I love this method of thinking, and I’ve been entranced with his proposed methods of practical education all day. Back in 1999, he brought a computer to a slum neighborhood in India and left the computer in a hole in a wall three feet off the ground. Some kids approached him and said, “What’s that?” They’d never seen a computer before, didn’t know the English that the system operated on.
He said, “It’s a computer.”
They said, “How do we use it?”
He said, “I don’t know. And now I’m leaving.” And he left.
A few months later, he returned and found that not only had the kids taught themselves how to use the computer perfectly, they’d also started teaching themselves English.
He did various experiments like this – giving kids technology and walking away – and found that a child on his or her own will play a game for hours. But children in groups won’t let one kid have all the fun – they’ll even out the time.
Mitra said in the beginning when he’d thought of this approach, people questioned whether or not it was a good idea. “They’ll break the computer,” they said. “Or they’ll sell it.”
Mitra wasn’t as convinced. And sure enough, he has footage from cameras he set up all over the world in various locations where he’d left these computers-in-the-wall, and in all the footage, the computers and the kids were fine. In one, a little boy sat on his older sister’s shoulders and instructed her on how to use the mouse.

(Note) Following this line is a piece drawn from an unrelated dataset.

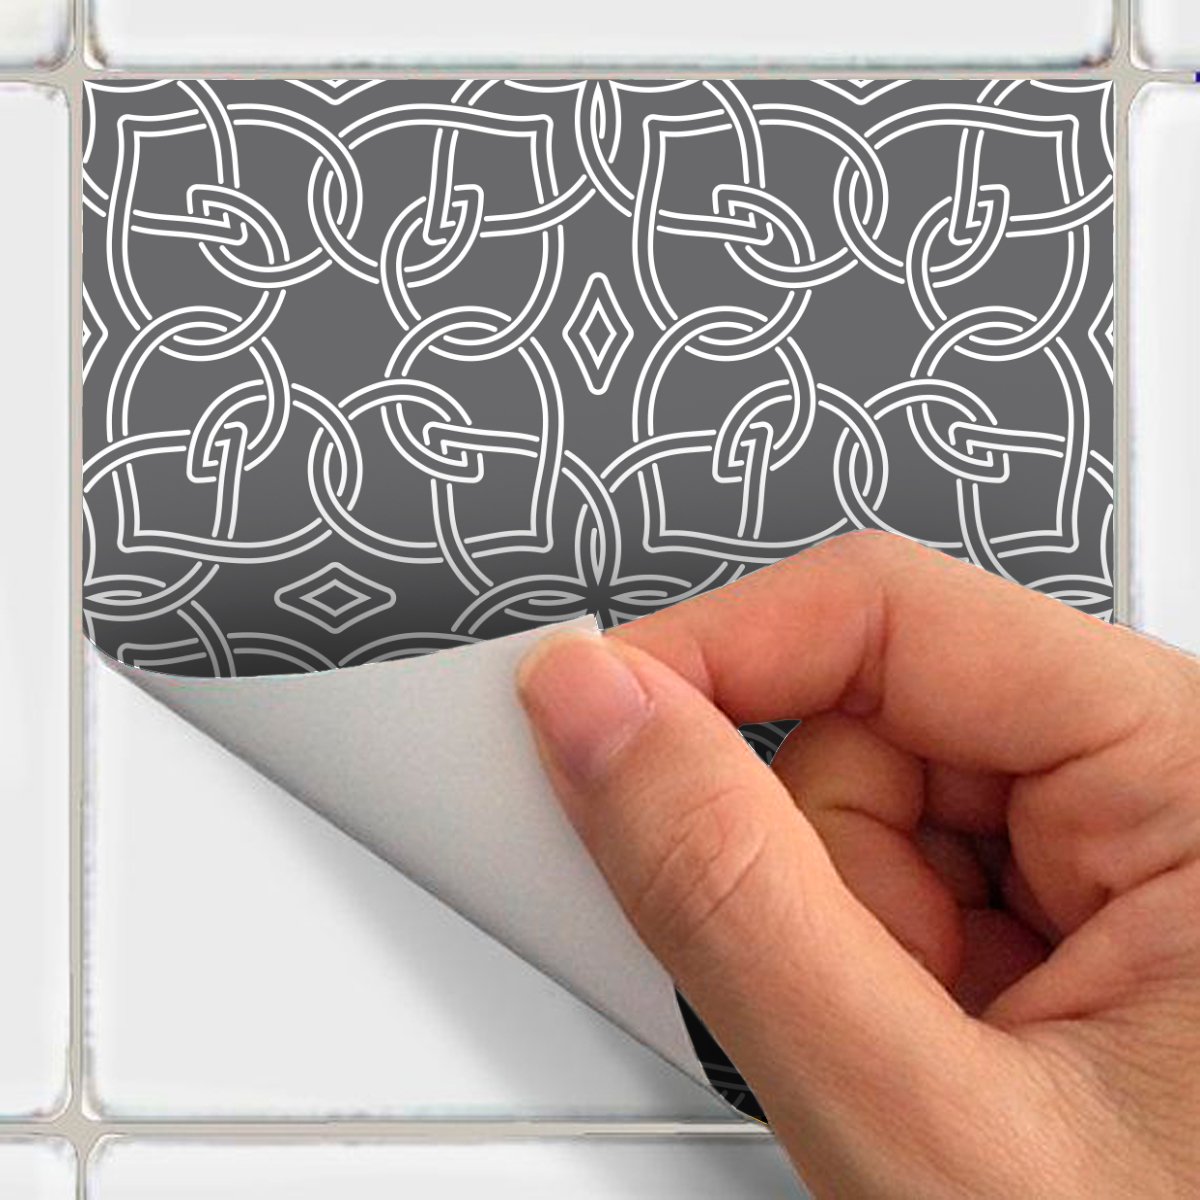 60 stickers carreaux de ciment oriental jerada cuisine carrelages ambiance sticker. Black Bedroom Furniture Sets. Home Design Ideas

In another, a little girl explains to boys on either side of her how neurons communicate (having learned this from the computer in English on her own).
One of my favorite stories he told was this: he took a computer way out into a rural village and set up the computer. Again, some kids asked what it was, and he explained, and when they asked how to use it, he said, “I have no idea,” and left with what I’m assuming was a cheerful smile and a wave. (He projects a very friendly, positive aura. Dude’s just extremely likable.)

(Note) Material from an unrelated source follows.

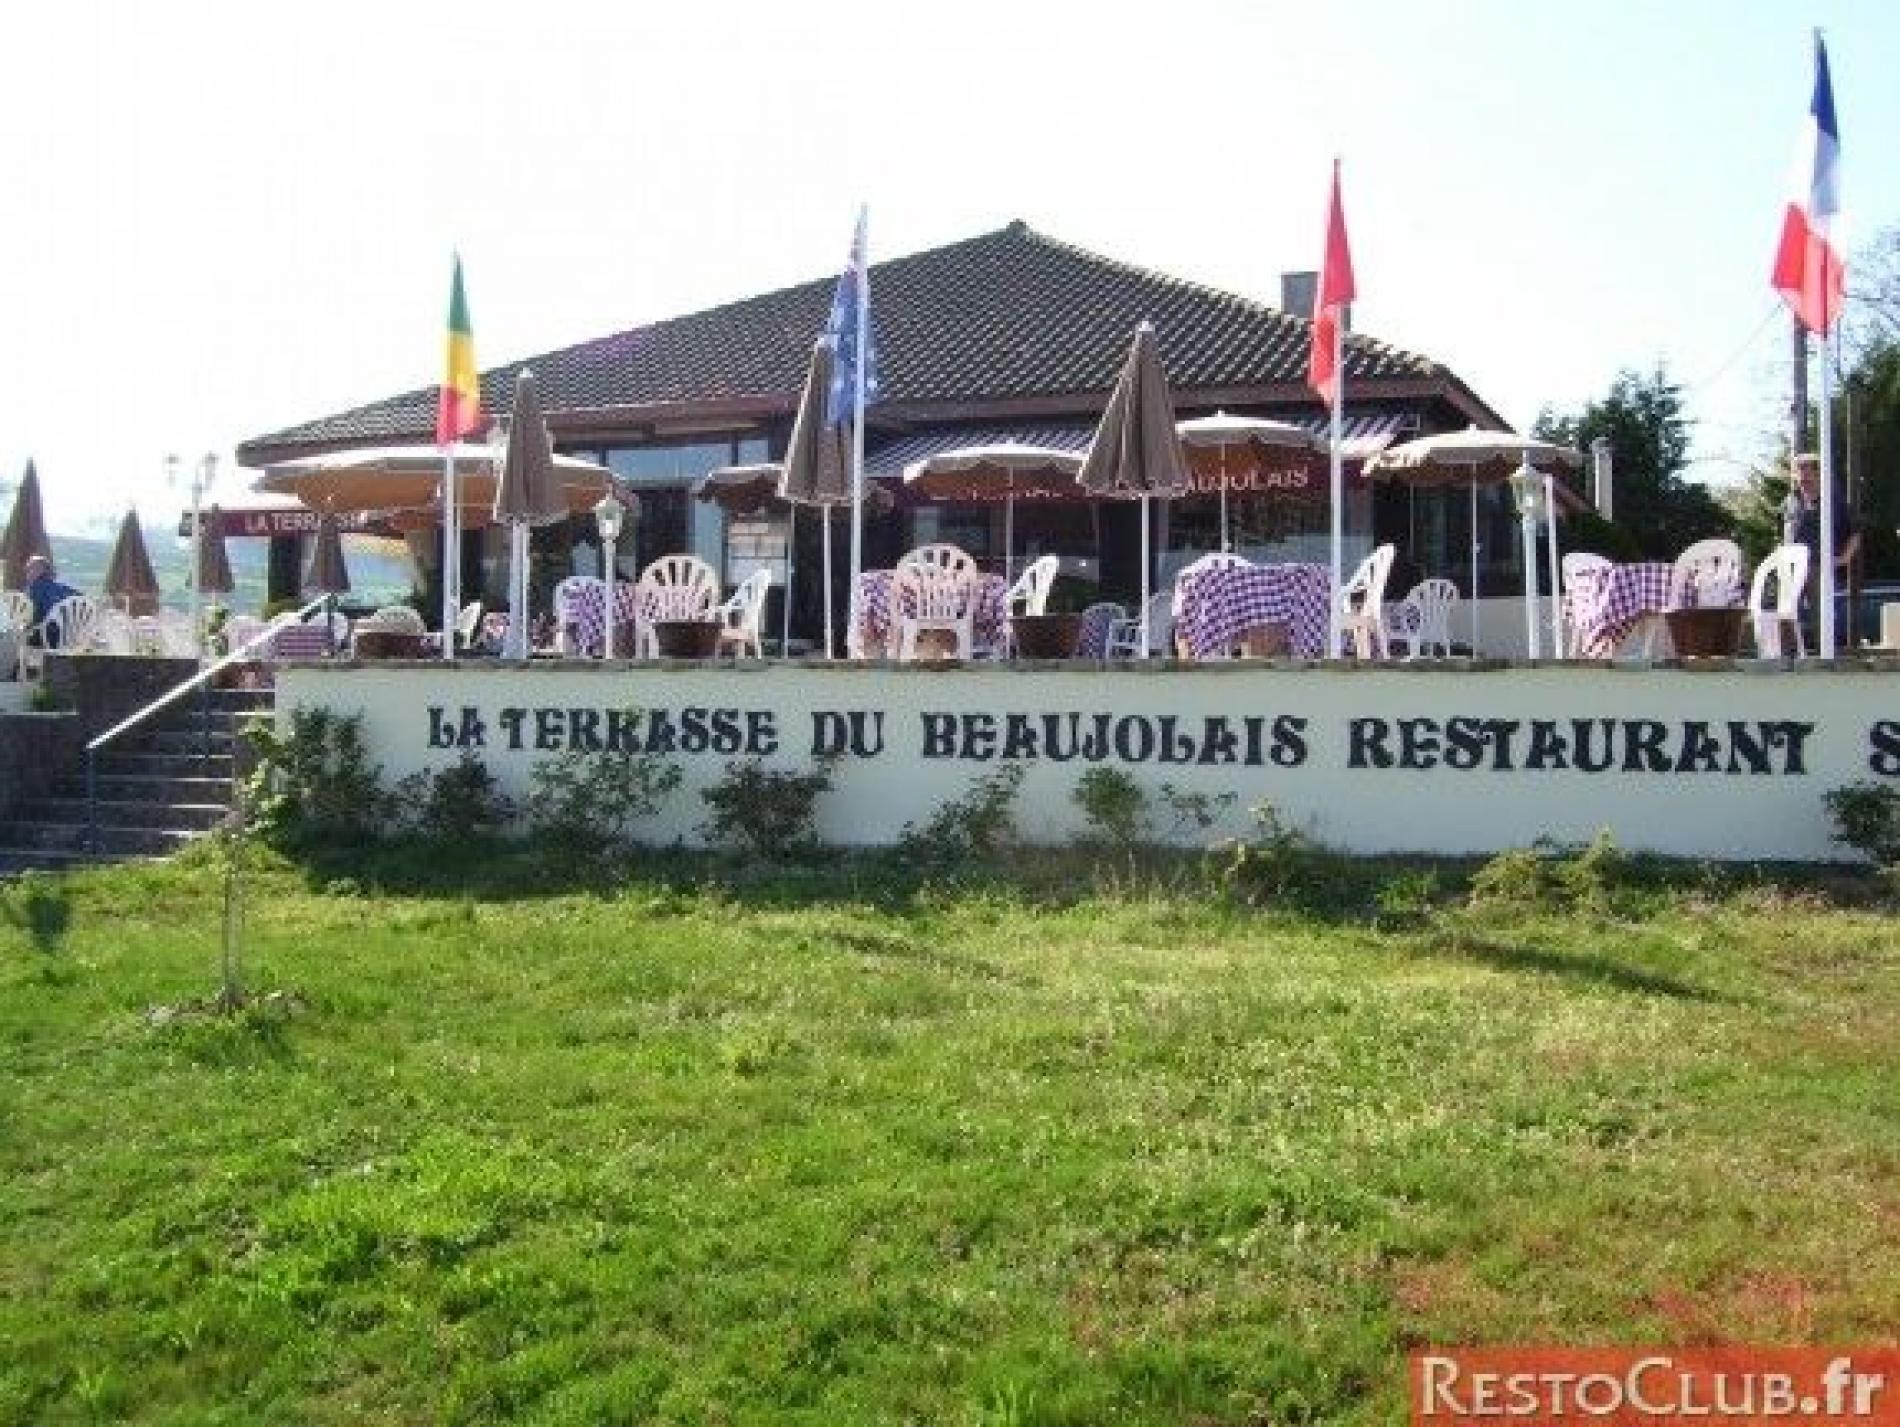 La Terrasse du Beaujolais

When he returned some months later, they said to him, “We want a faster processor and a better mouse.”
This was all back in the late 1990s and early 2000s, but his research has continued since then. His ideas resonate with Sir Ken Robinson’s: children who are interested will learn. But Mitra goes one step further. He believes that rather than teachers doing the job on their own, children can teach each other. During one of his talks, he quoted another educator who said, “If computers can replace teachers, they should be replaced.”

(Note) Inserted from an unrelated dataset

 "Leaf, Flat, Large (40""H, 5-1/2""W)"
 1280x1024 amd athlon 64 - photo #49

He made an excellent point about the testing system. That in the real world, we’re often working with computers and in groups, yet our examinations are individual and only from memory.
The current education system is completely separate from the world we live in. The system is hundreds of years old, designed for a much different society of people, and it’s severely damaging to children in its worst cases. It crushes our natural hunger for knowledge and, as Mitra brought up at one point, the testing system instills fear in us. When fear takes hold, our brain shuts down because of primitive self-defense purposes, and that’s not exactly a welcome environment for learning.
The magic of these talks is that if we can change education, if we can give children admiration and encouragement and support rather than fear and reprimands and societal submission, they’ll flourish. All people deserve the chance to learn and, in particular, find the passions and talents that make life blissful.